This integration of different scientific perspectives and different types of data is key to puzzling out the complexity of a network like the immune system, which is responsible for the body’s exquisitely orchestrated response to microbial attack. And even with a diverse team in place, Aderem is starting with a small part of the puzzle: the various cells that make up the so-called innate immune system, the body’s first line of defense. Innate immune cells are somewhat dimwitted; they have no memory and have trouble making fine distinctions between microbes. (In contrast, the acquired immune system, which includes antibodies and more troops of cells, remembers how to recognize and destroy every invader it meets.) But the innate system plays an essential role in keeping people healthy by destroying some intruders and by shuttling others to the acquired immune system.

Because it is a relatively simple network, innate immunity makes an excellent testing ground for systems biology. In January 2003, the National Institute of Allergy and Infectious Diseases awarded a $24 million grant to the Institute for Systems Biology, Rockefeller University, and the Scripps Research Institute in La Jolla, CA, to create an “encyclopedia” of the innate immune system. Using the tools of systems biology, the researchers have started to catalogue precisely how the network reacts to microbial attack, exploring specific biochemical pathways and behaviors of genes and proteins. Compared to acquired immunity, “the players are much more well defined in innate immunity. And it will be possible to ask how important they are in the various pathways,” says Richard Ulevitch, chair of immunology at the Scripps Research Institute and head of the encyclopedia project. Aderem, for instance, has long focused on one particular innate immune player, a type of white blood cell called a macrophage. “The macrophage really opens up a whole window” on systems biology, Hood says.
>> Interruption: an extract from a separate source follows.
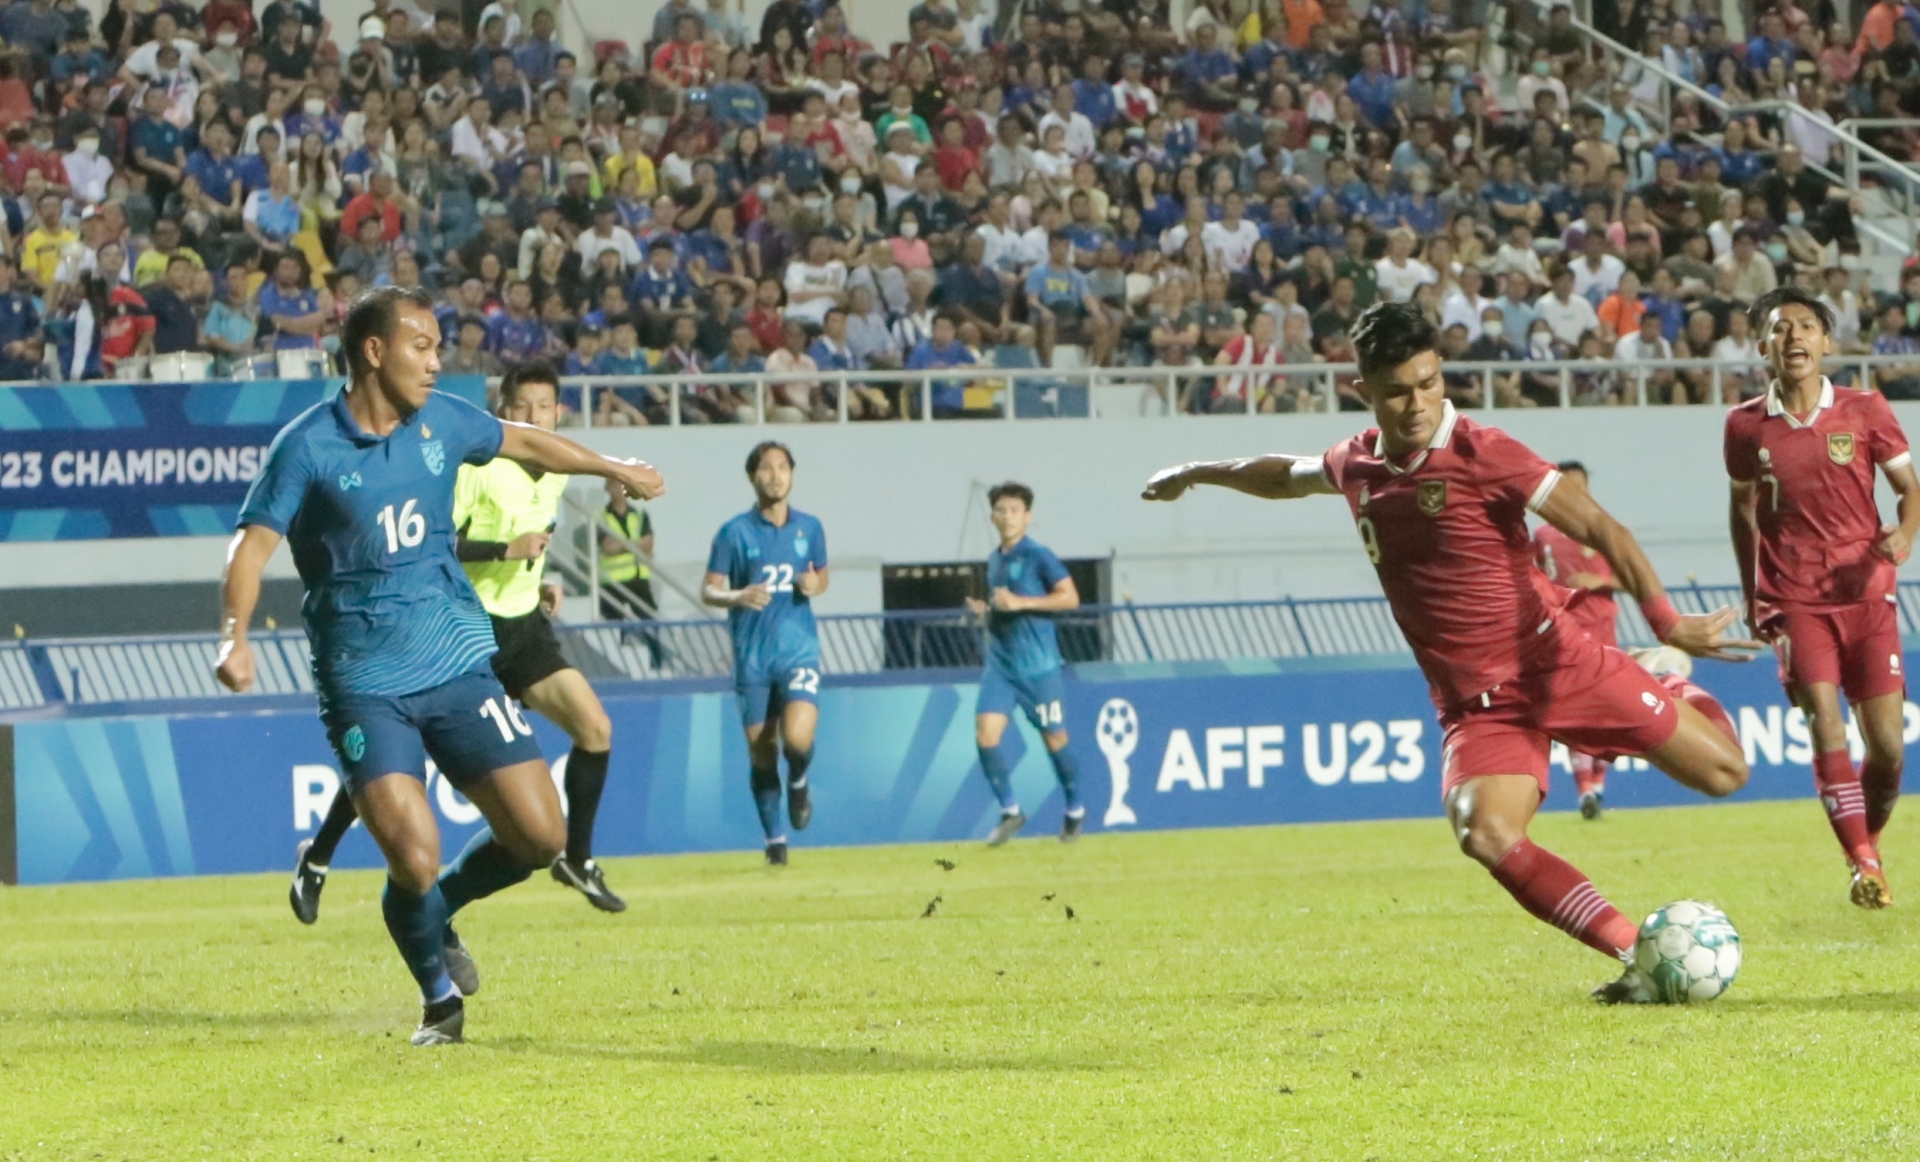 Trực tiếp U23 Thái Lan 1-3 U23 Indonesia: Đốt lưới nhà 317793
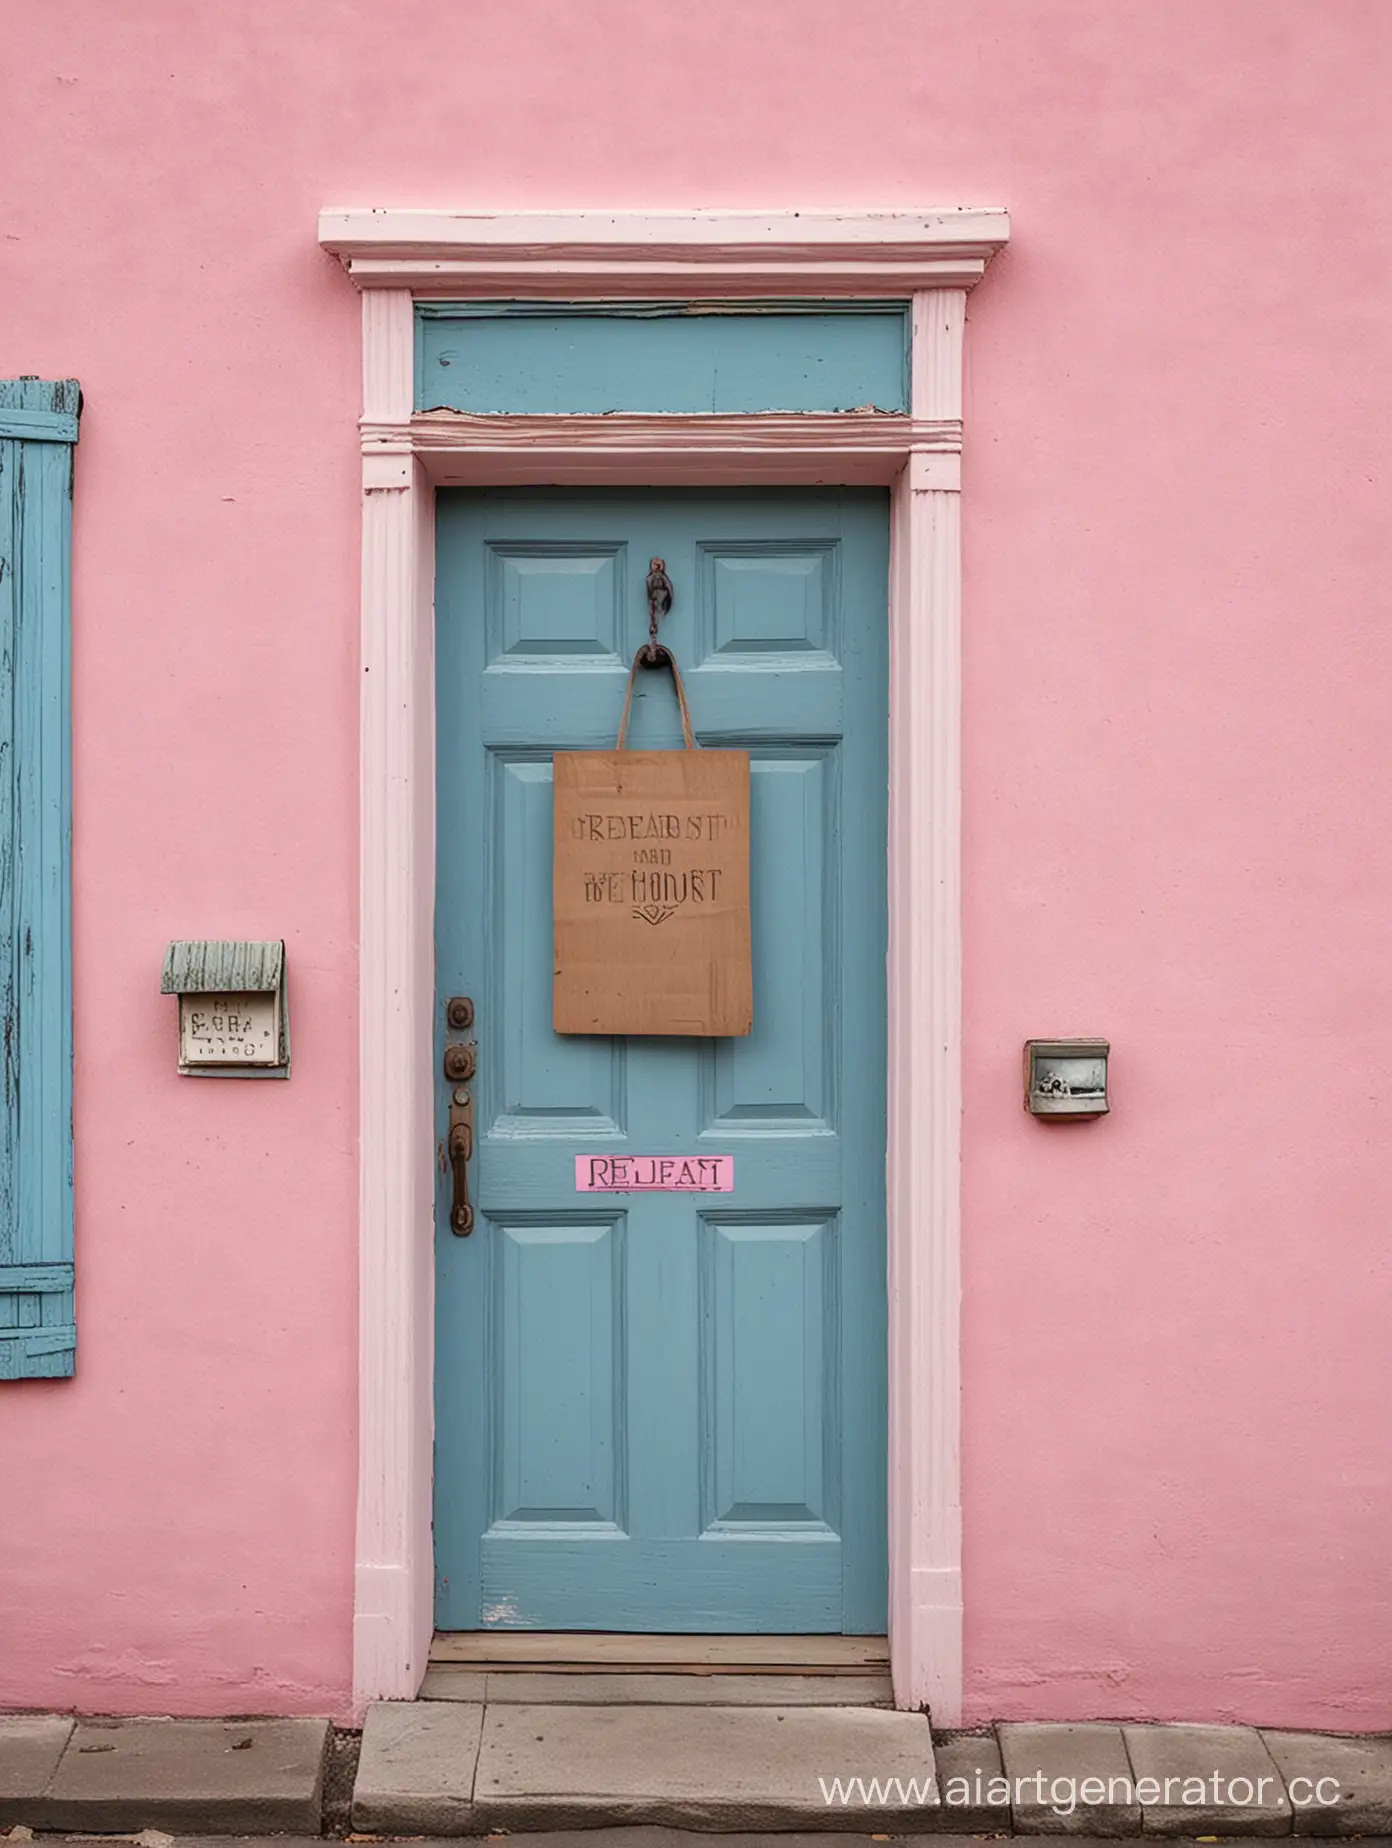 Reboot-Sign-on-Blue-Door-of-Pink-House

An early test of the macrophage-centric approach came after an unlikely event: death at a Dutch flower show. In February 1999, an annual flower show in the Netherlands attracted 77,061 visitors. Of these, 178 developed Legionnaire’s disease, as did 10 exhibitors. Caused by a bacterium, Legionnaire’s disease leads to severe pneumonia, which in this outbreak killed 21 people. Dutch scientists quickly identified the likely source of the infection: a contaminated whirlpool spa on exhibit. But the outbreak raised a question that Aderem and his team thought they could help answer: why had these 188 people developed severe cases of Legionnaire’s disease, while others who paused at the whirlpool exhibit had not? Aderem was certain it was not simply bad luck.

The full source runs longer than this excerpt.